In July, employment in mining rose by 9,000; virtually all of the gain (+8,000) occurred in support activities for mining. Employment in mining has increased by 140,000 since a recent low in October 2009.

Employment in professional and technical services continued to trend up in July (+18,000). This industry has added 246,000 jobs since a recent low in March 2010. Employment in temporary help services changed little over the month and has shown little movement on net so far this year.

Elsewhere in the private sector, employment in construction, transportation and warehousing, information, financial activities, and leisure and hospitality changed little over the month.

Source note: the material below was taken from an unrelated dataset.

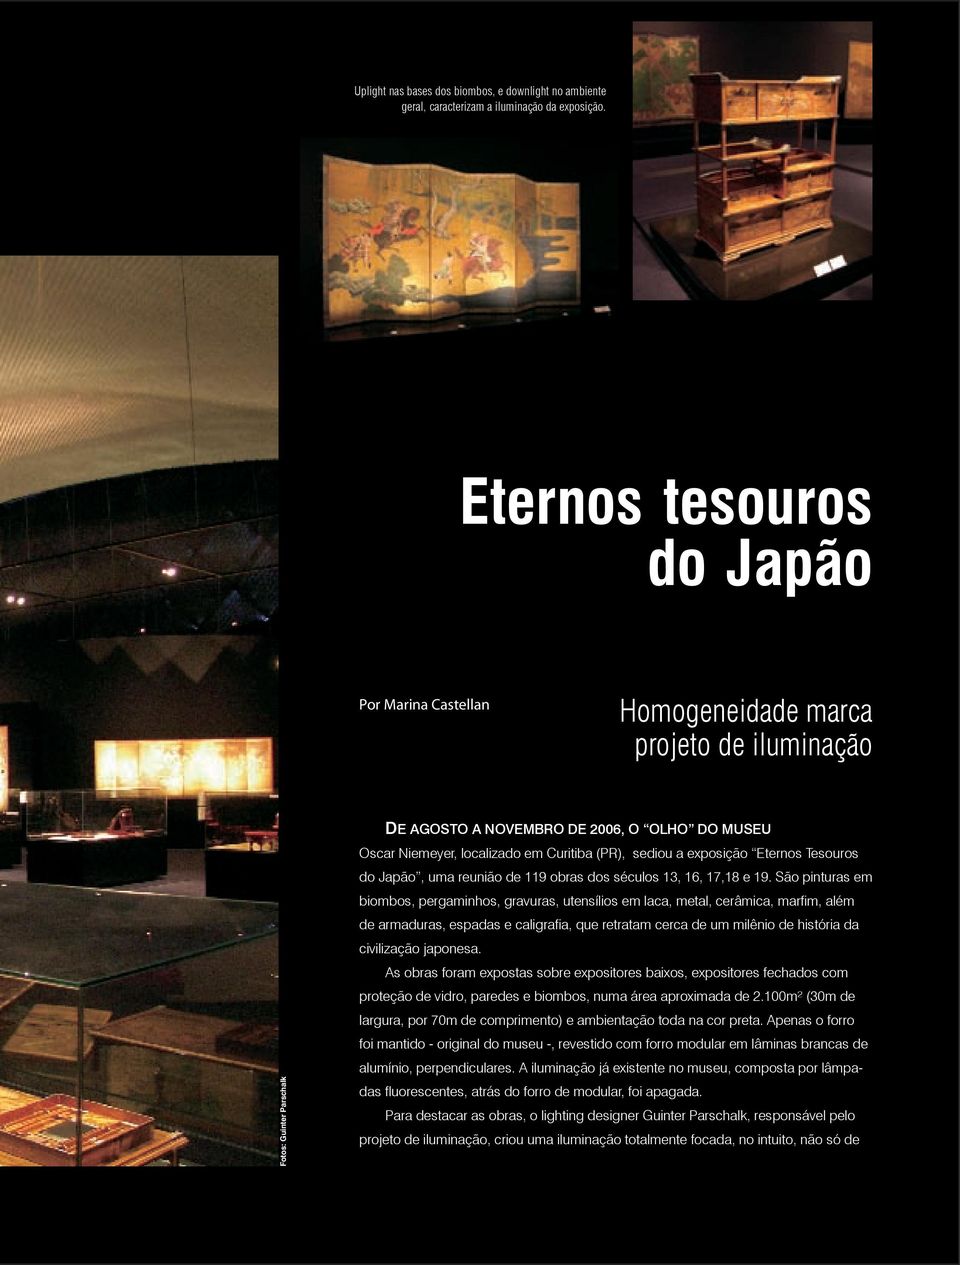 (PR), sediou a exposição Eternos Tesouros do Japão, uma reunião de 119 obras dos séculos 13, 16, 17,18 e 19.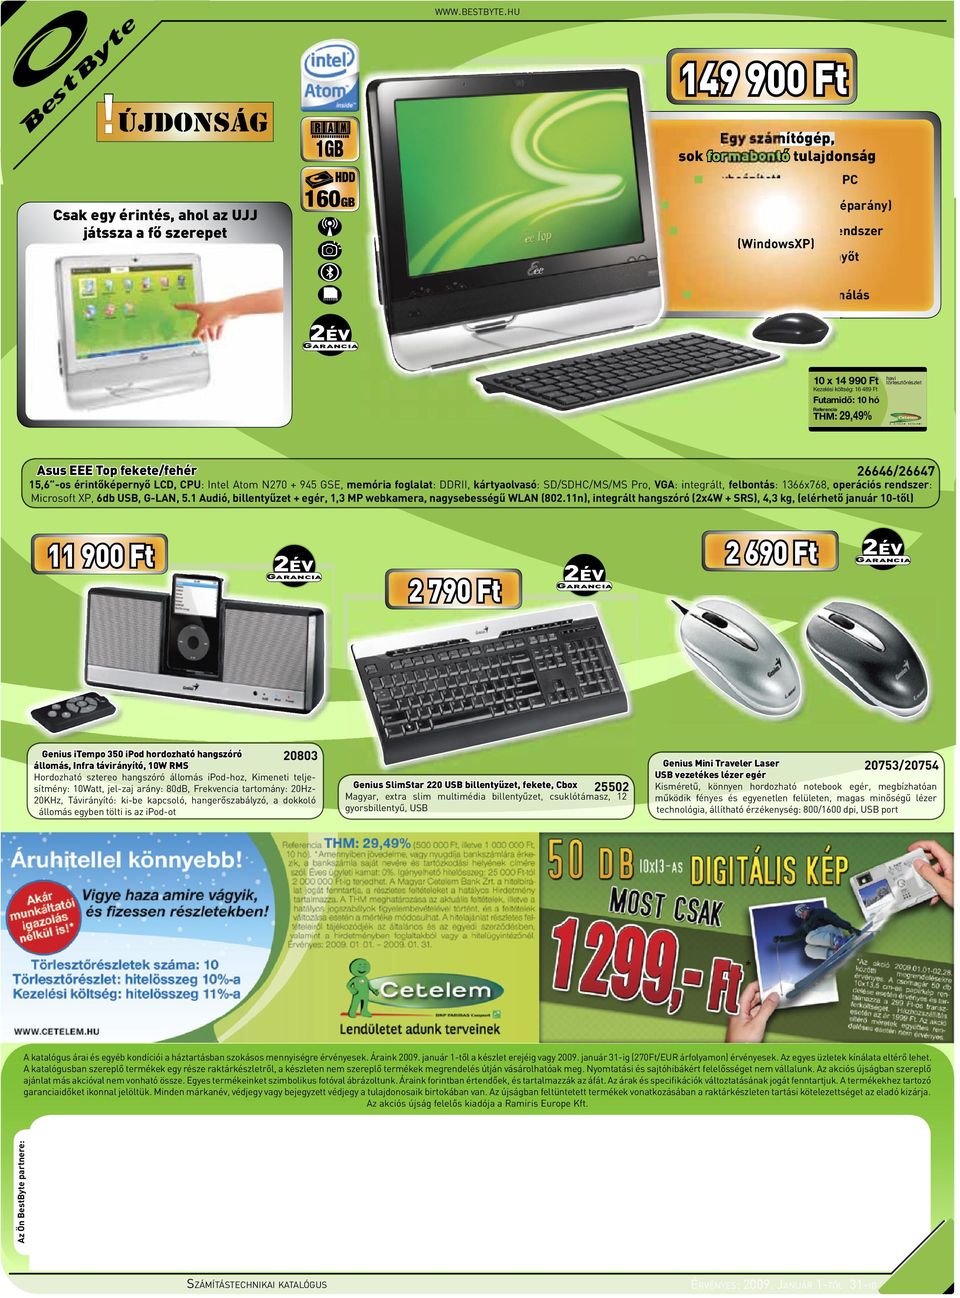 operációs rendszer (WindowsXP) és speciális érintőképernyőt támogató szoftverek Alacsony energiafelhasználás 10 x 14 990 Ft Kezelési költség: 16 489 Ft Asus EEE Top fekete/fehér 26646/26647 15,6 -os

Government employment continued to trend down over the month (- 37,000). Employment in state government decreased by 23,000, almost entirely due to a partial shutdown of the Minnesota state government. Employment in local government continued to wane over the month.

The average workweek for all employees on private nonfarm payrolls was unchanged over the month at 34.3 hours. The manufacturing workweek and factory overtime for all employees also were unchanged at 40.3 hours and 3.1 hours, respectively. In July, the average workweek for production and nonsupervisory employees on private nonfarm payrolls was 33.6 hours for the sixth consecutive month.

In July, average hourly earnings for all employees on private nonfarm payrolls increased by 10 cents, or 0.4 percent, to $23.13. Over the past 12 months, average hourly earnings have increased by 2.3 percent. In July, average hourly earnings of private-sector production and nonsupervisory employees increased by 8 cents, or 0.4 percent, to $19.52.

The change in total nonfarm payroll employment for May was revised from +25,000 to +53,000, and the change for June was revised from +18,000 to +46,000.

_____________ The Employment Situation for August is scheduled to be released on Friday, September 2, 2011, at 8:30 a.m. (EDT).